Every time I have access to state by state education data, I look up North Dakota (the state in which I am employed). I expect to see that North Dakota has done well. My confidence is not based in an assumption of high quality, but because I assume North Dakota does not have to face some of the challenges that face educators in other states. This perspective actually prompted part of my reaction to the implications in comments I address here.
For example, this post regarding reading performance indicates North Dakota (and Iowa) scored toward the bottom. I started to think about this. My biases may be at work here, but I think first impressions may be misleading.
Careful reading indicates the chart shows gains in reading performance among students receiving free or reduced lunch (used as a measure of poverty). Two issues to consider:
- This is not a chart showing levels of performance – gain scores are a difference score.
- This is a chart based on a subset of all students and the size of this subset is not constant by state.

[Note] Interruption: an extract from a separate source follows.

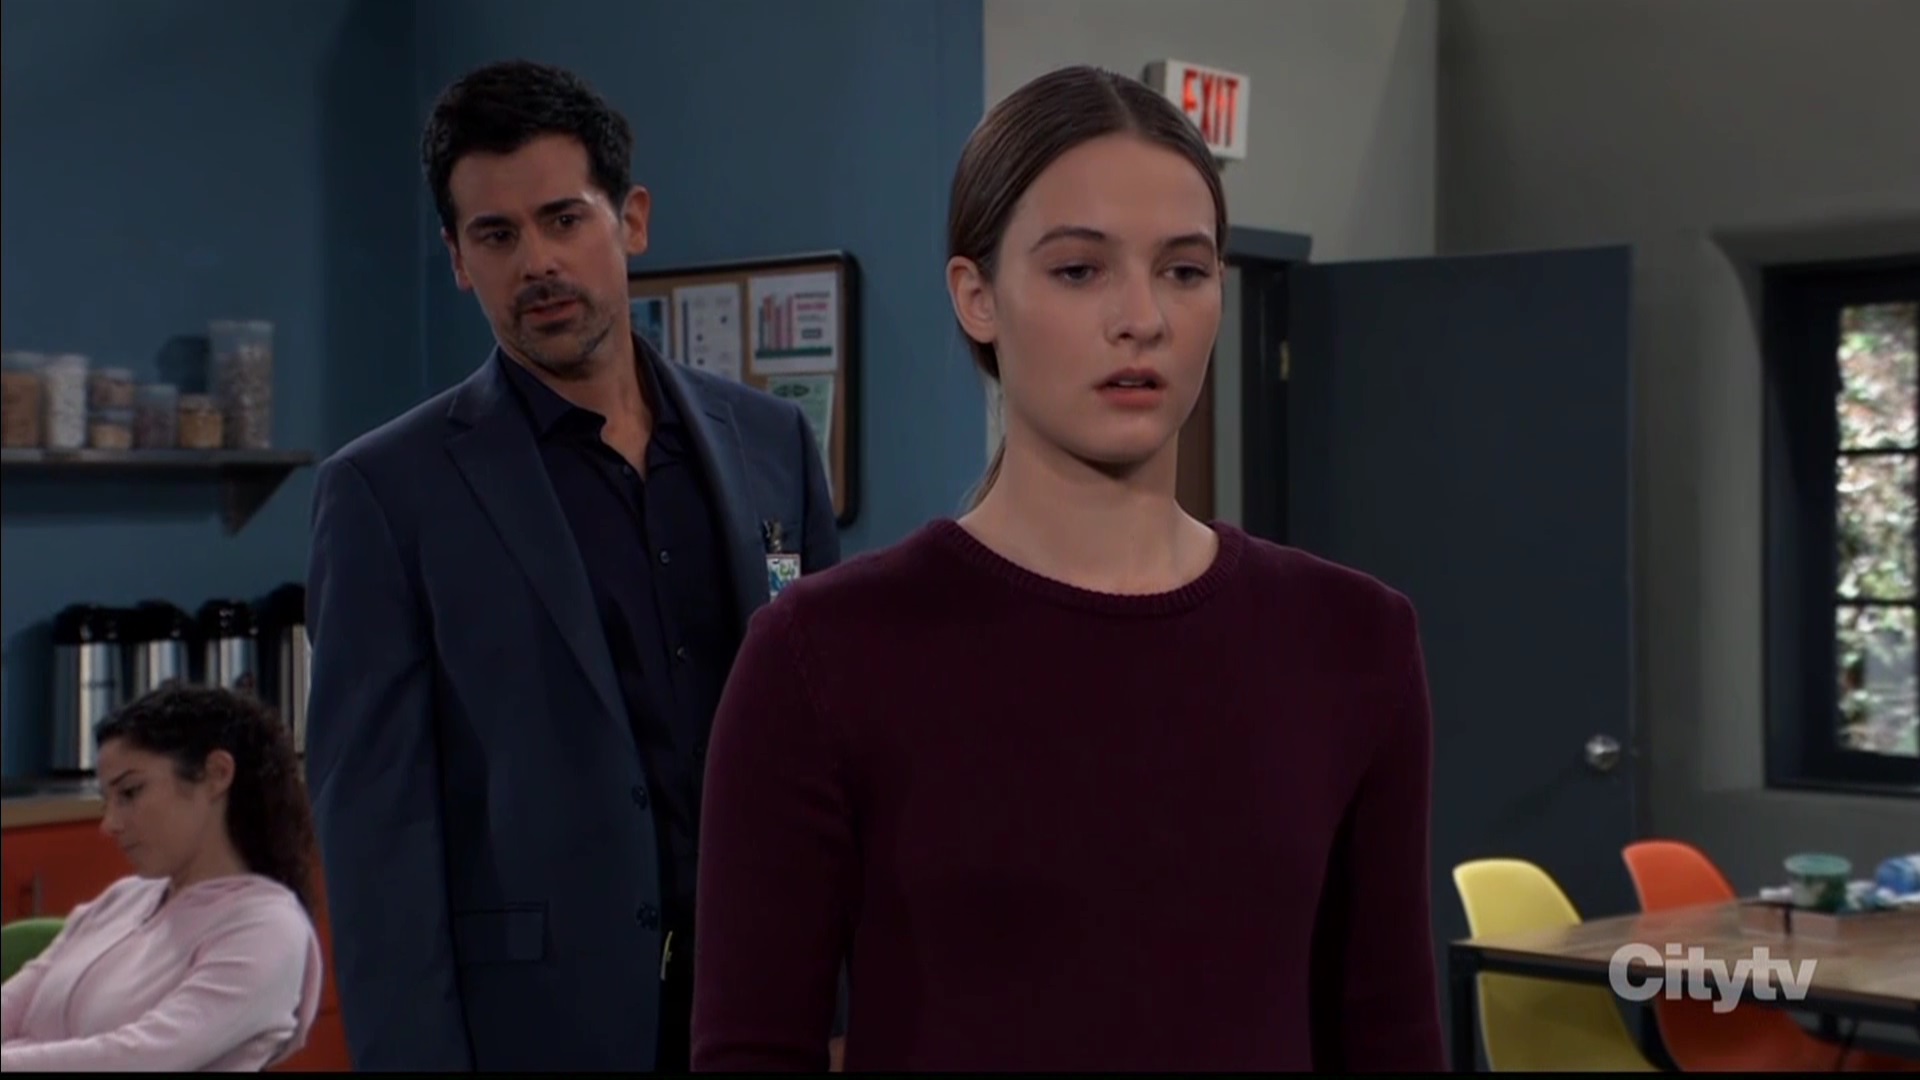 esme shocked her boyfriend's father her baby daddy GH recaps SoapsSpoilers

Researchers know that change scores are very difficult to interpret and I think this could be the case here. A key issue in this case is likely what the scores were before the intervention (NCLB). If the scores reflect a “ceiling effect” improvement would imply something very different from a situation in which the beginning scores were originally low (and little changed occurred). I think it likely there is some of each possibility at work here and it would be important to know which low improvement states within this group fall into the low or high start category.
The second possibility is that a state with lower population and a lower proportion of students from low income families may find more it challenging to address the needs of these students. I do not know that this is the case, but I believe it to be the case with other educational challenges – e.g., ESL students.
It is possible I am completely wrong and North Dakota is doing a poor job of instruction. However, critical thinking is important any time data are presented and causality is difficult to tie down in correlational rather than manipulative research.